Sunday, September 14, 2008
This time of year corn on the cob just beckons me, because I know it will soon be gone. I find myself buying it every time I see it, even if it doesn’t fit into my menu plans. So far the best corn I’ve had all season has come from Hart Farm in Dennisport, but the Hubby found some corn at Stop and Shop in Yarmouth (of all places) that was so unbelievably sweet I could have eaten it raw.
Corn that wonderful needed a great recipe. Luckily, I just got a copy of Cook’s Illustrated American Classics and there was a recipe for fresh corn chowder I was dying to try. I love corn chowder and I was intrigued by the recipe. Of course, I changed things up a little to reflect my preferences. For example, I prefer bacon to salt pork and I used 2% milk and light cream instead of whole milk and heavy cream.
The recipe also tested ways to save some of this season’s corn to make chowder in the wintertime when it will be especially welcome. The best method for preserving the fresh taste of corn, according to the tester at Cook's is to blanch the whole ears for five minutes and then shock them in a cold water bath and spread the ears on a clean towel to dry. When fuly dry put the corn into a zip lock bag, press out the air and seal the bag. Date and freeze. When you want to prepare the recipe, cook the corn for two to three minutes instead of ten minutes.
Voila, the fresh taste of summer on a cold winter day!
Fresh Corn Chowder
8 medium ears of corn, husks and silks removed
5 slices of bacon, diced
1 tablespoon butter
1 large Vidalia onion, chopped
2 garlic cloves, minced fine
3 tablespoons flour
3 cups organic chicken broth
2 cups red skin potatoes, cut into 1/4 inch cubes
1 bay leaf
1 teaspoon fresh thyme, chopped
2 cups 2% milk
1 cup light cream
2 tablespoons fresh parsley, chopped
1 1/2 teaspoon salt
1/2 teaspoon fresh ground cracked pepper
Stand corn on end in a bowl and cut kernels from four ears of corn.

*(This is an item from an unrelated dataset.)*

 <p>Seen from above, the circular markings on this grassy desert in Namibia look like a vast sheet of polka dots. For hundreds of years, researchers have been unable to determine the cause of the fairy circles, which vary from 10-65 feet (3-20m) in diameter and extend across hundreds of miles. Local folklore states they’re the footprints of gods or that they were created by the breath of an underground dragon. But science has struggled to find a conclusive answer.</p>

Set aside. Grate kernels on box grater from remaining four ears of corn and put in separate bowl. Firmly scrape any pulp remaining from all 8 cobs into same bowl as grated corn.
Cook bacon in Dutch oven over medium high heat until fat is rendered and bacon is almost crisp. Remove bacon bits with metal slotted spoon and drain on plate lined with paper towel. Add butter to pan and melt. Add onions and cook over low heat until tender. Add garlic and cook two more minutes. Stir in flour and cook two minutes, stirring constantly. Whisking constantly, slowly add chicken broth.

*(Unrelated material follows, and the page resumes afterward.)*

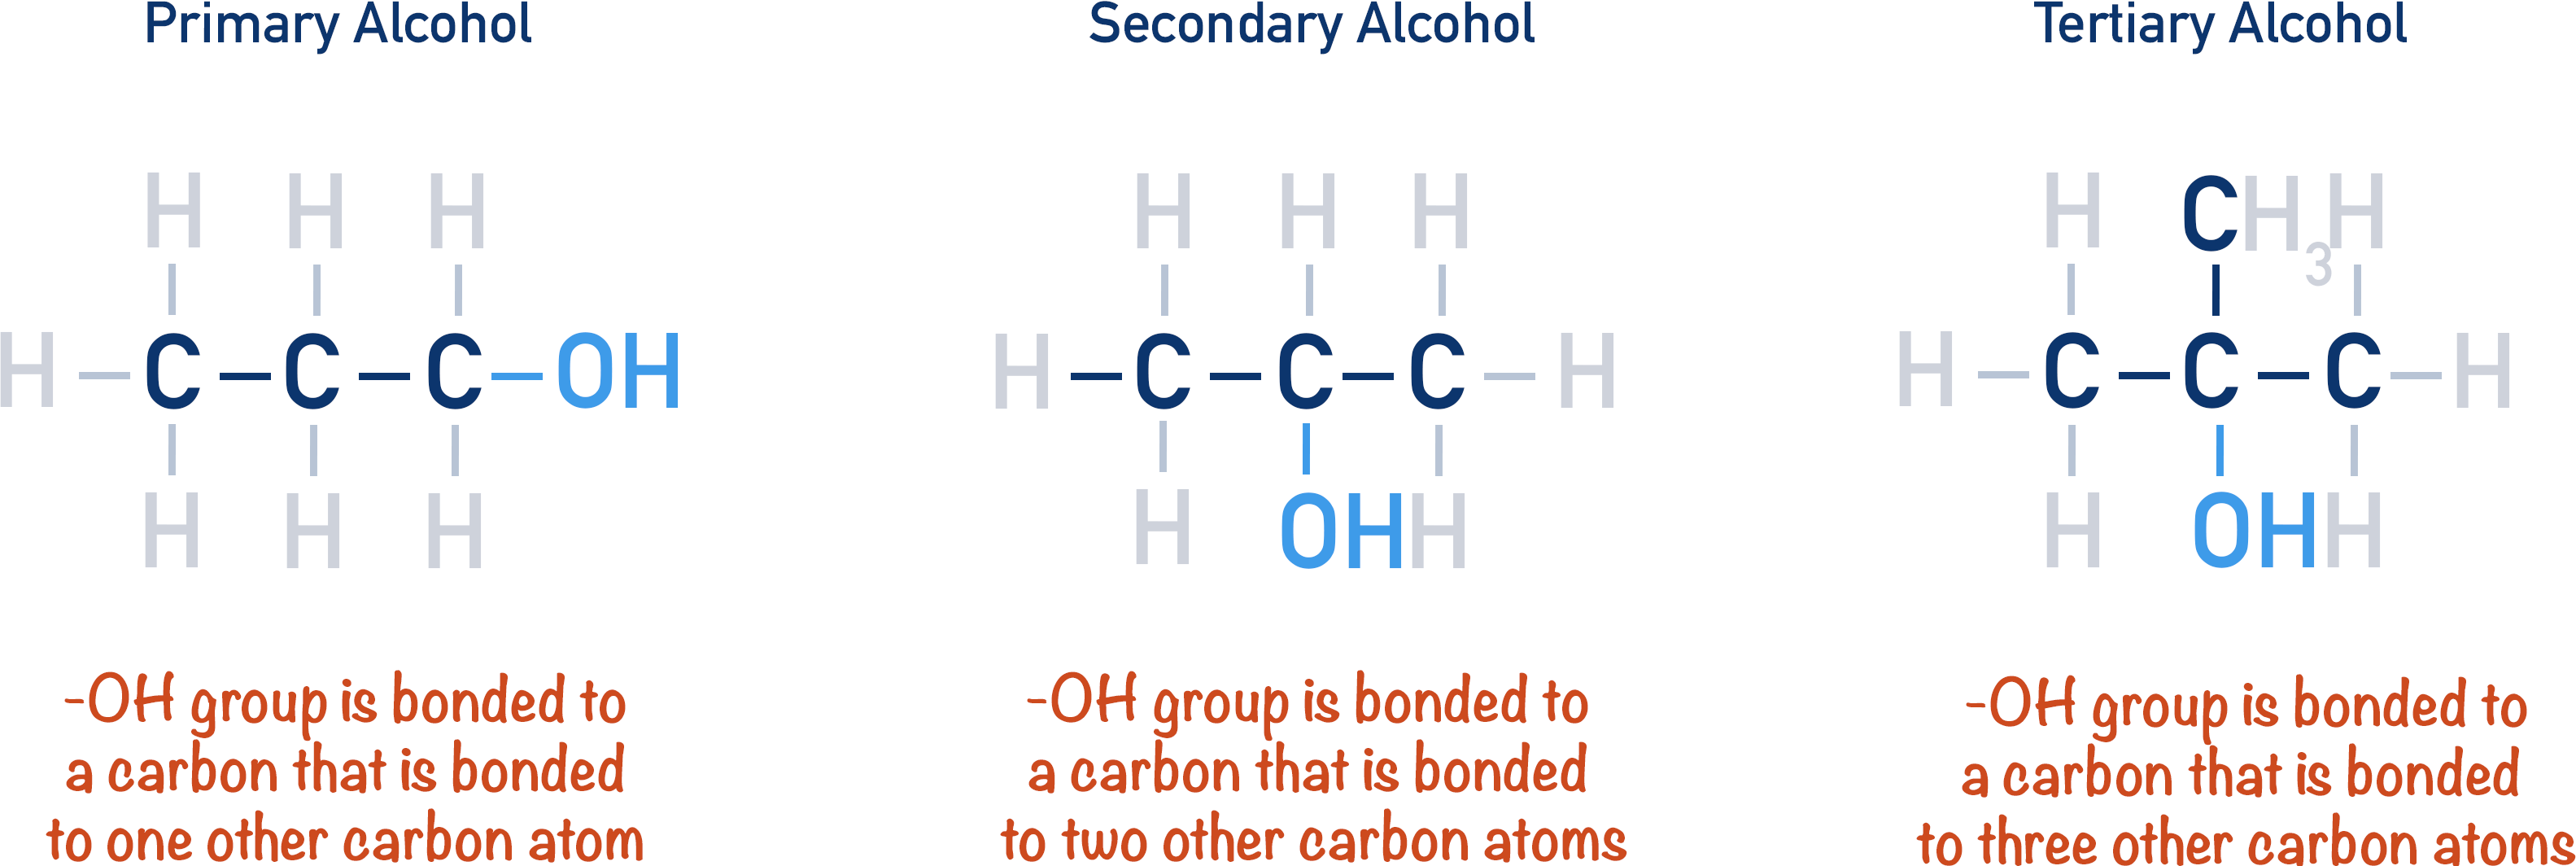 primary secondary and tertiary alcohols propanol

Add potato, bay leaf, thyme, milk, grated corn and pulp, and half of reserved bacon. Bring to a boil then reduce heat to medium low and simmer until potatoes are almost tender, about 8 – 10 minutes.
Add reserved corn kernels and cream and return to simmer. Simmer about five minutes until corn kernels are tender, but still slightly crunchy. Stir in parsley, salt, pepper and remaining bacon. Remove bay leaf and serve immediately.